Repeat the listing that follows character for character, omitting images.

(Collected data Opens)

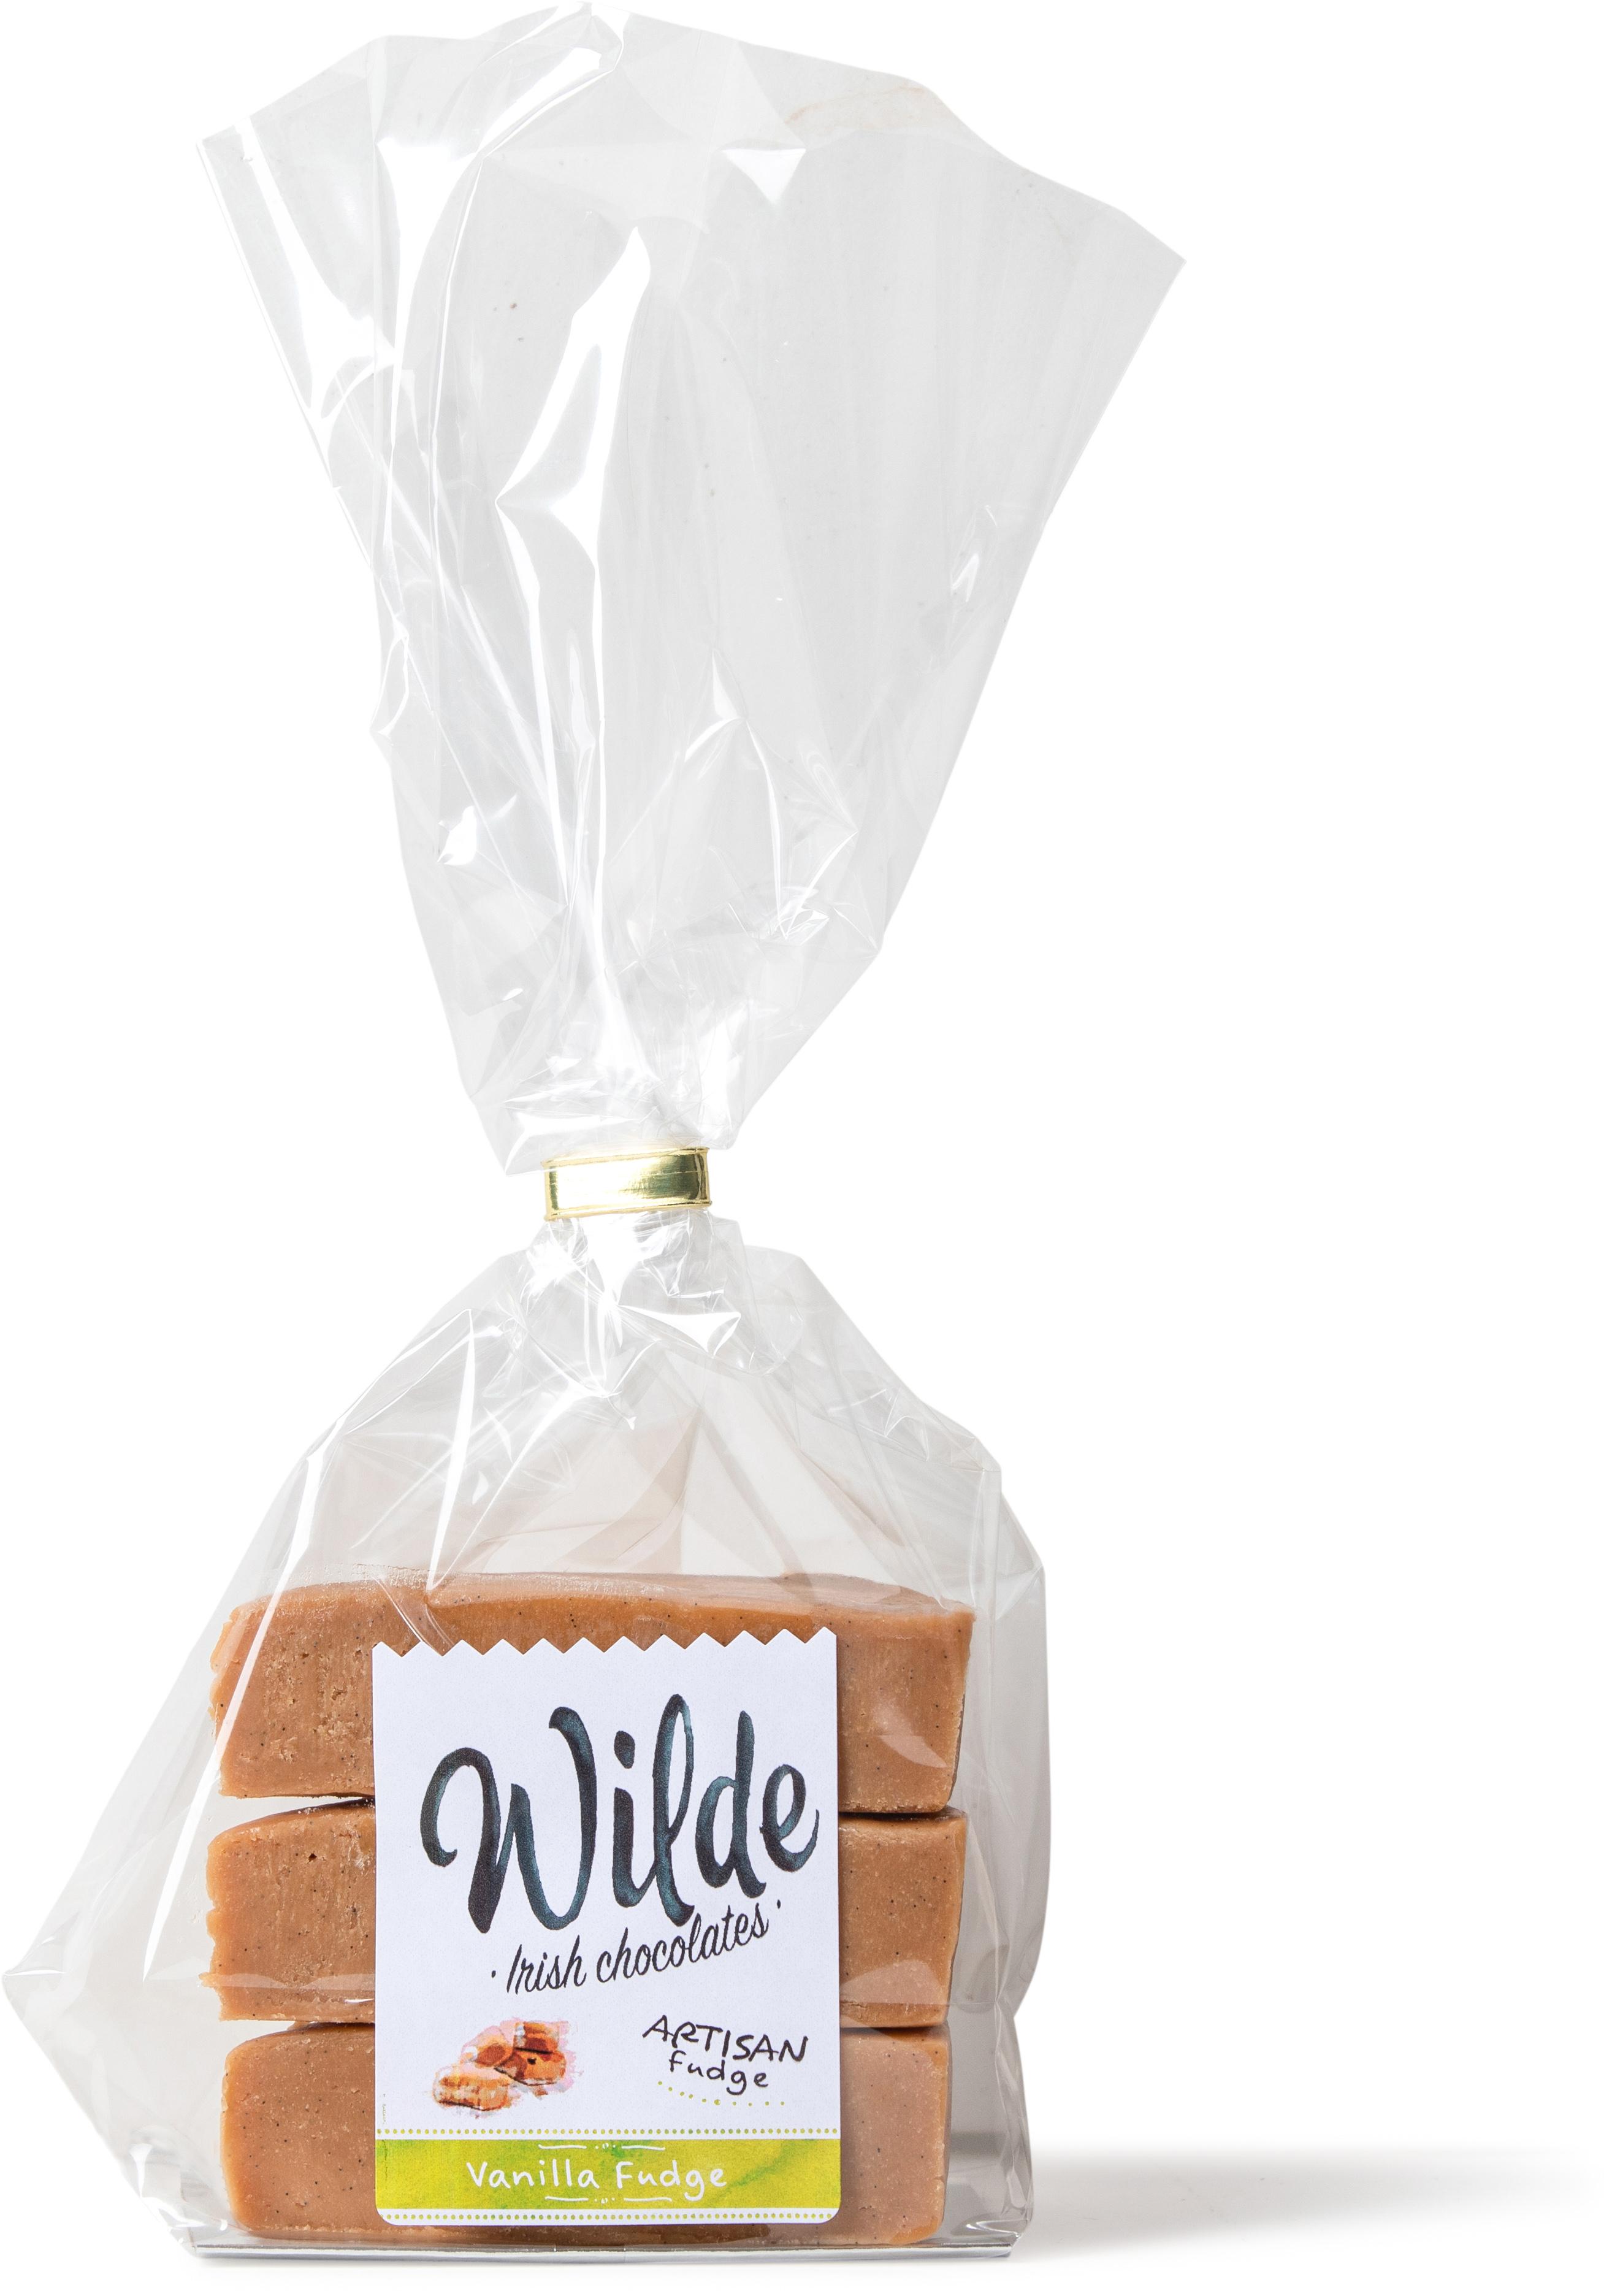 best chocolate fudge - Wilde Irish Chocolates
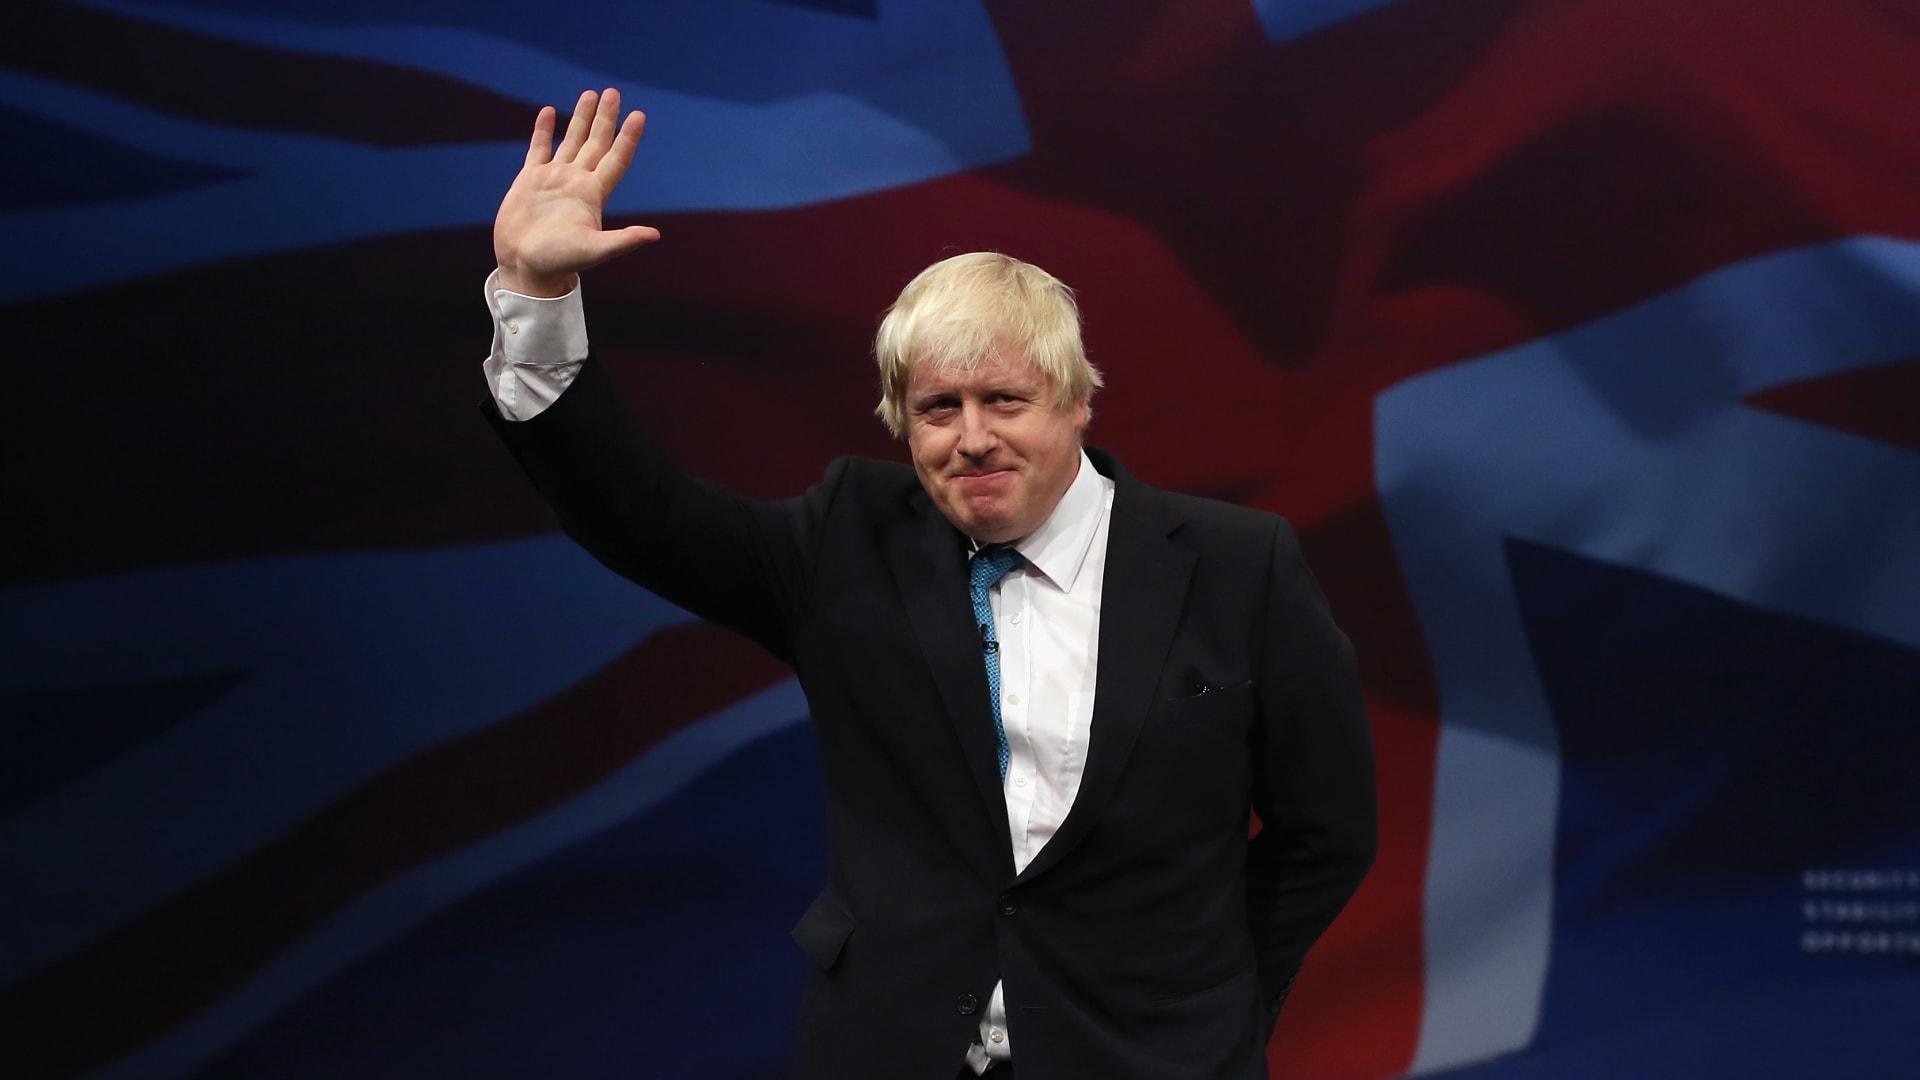 ماذا تتضمن صفقة جونسون لخروج بريطانيا من الاتحاد الأوروبي؟
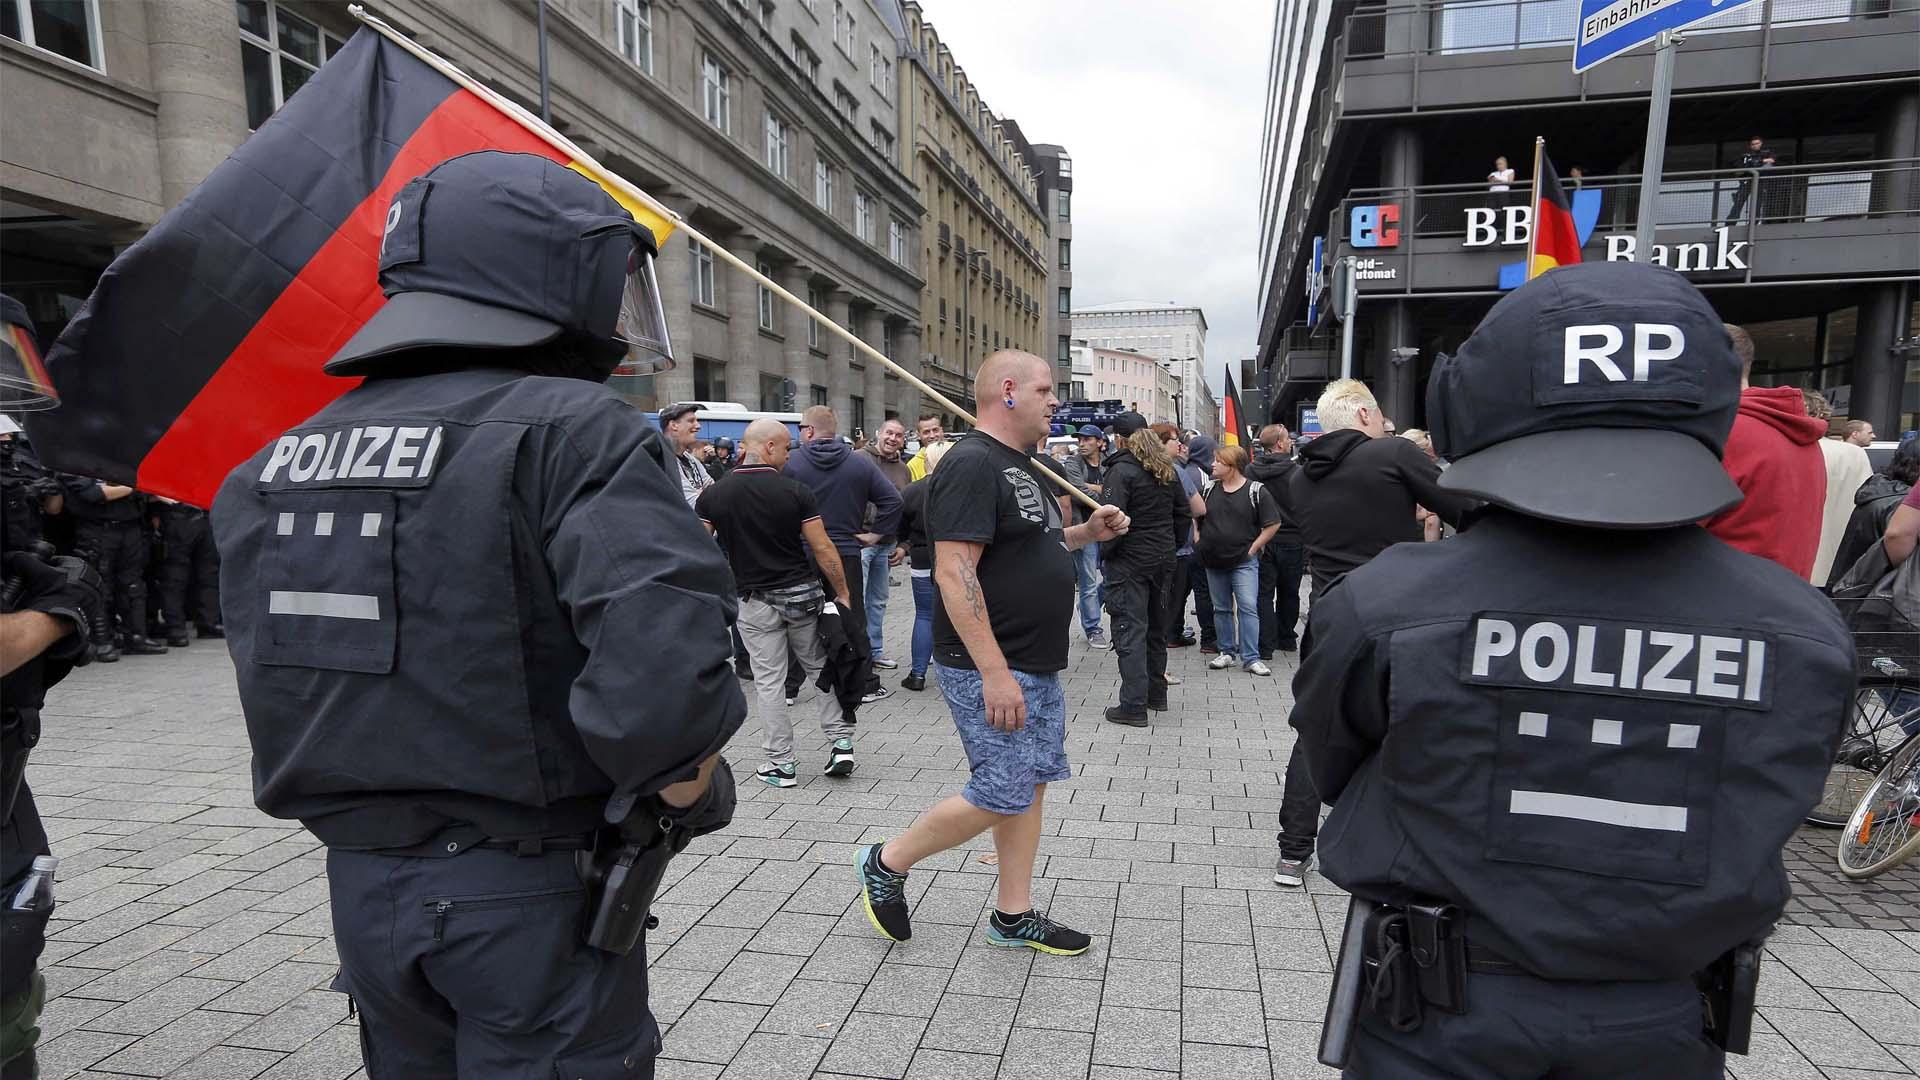 El Gobierno trabajará en el plan de seguridad que tienen desde 1995 en vista de los recientes ataque terroristas

(Collected data Closes)

Result:
 best chocolate fudge - Wilde Irish Chocolates
 ماذا تتضمن صفقة جونسون لخروج بريطانيا من الاتحاد الأوروبي؟
 El Gobierno trabajará en el plan de seguridad que tienen desde 1995 en vista de los recientes ataque terroristas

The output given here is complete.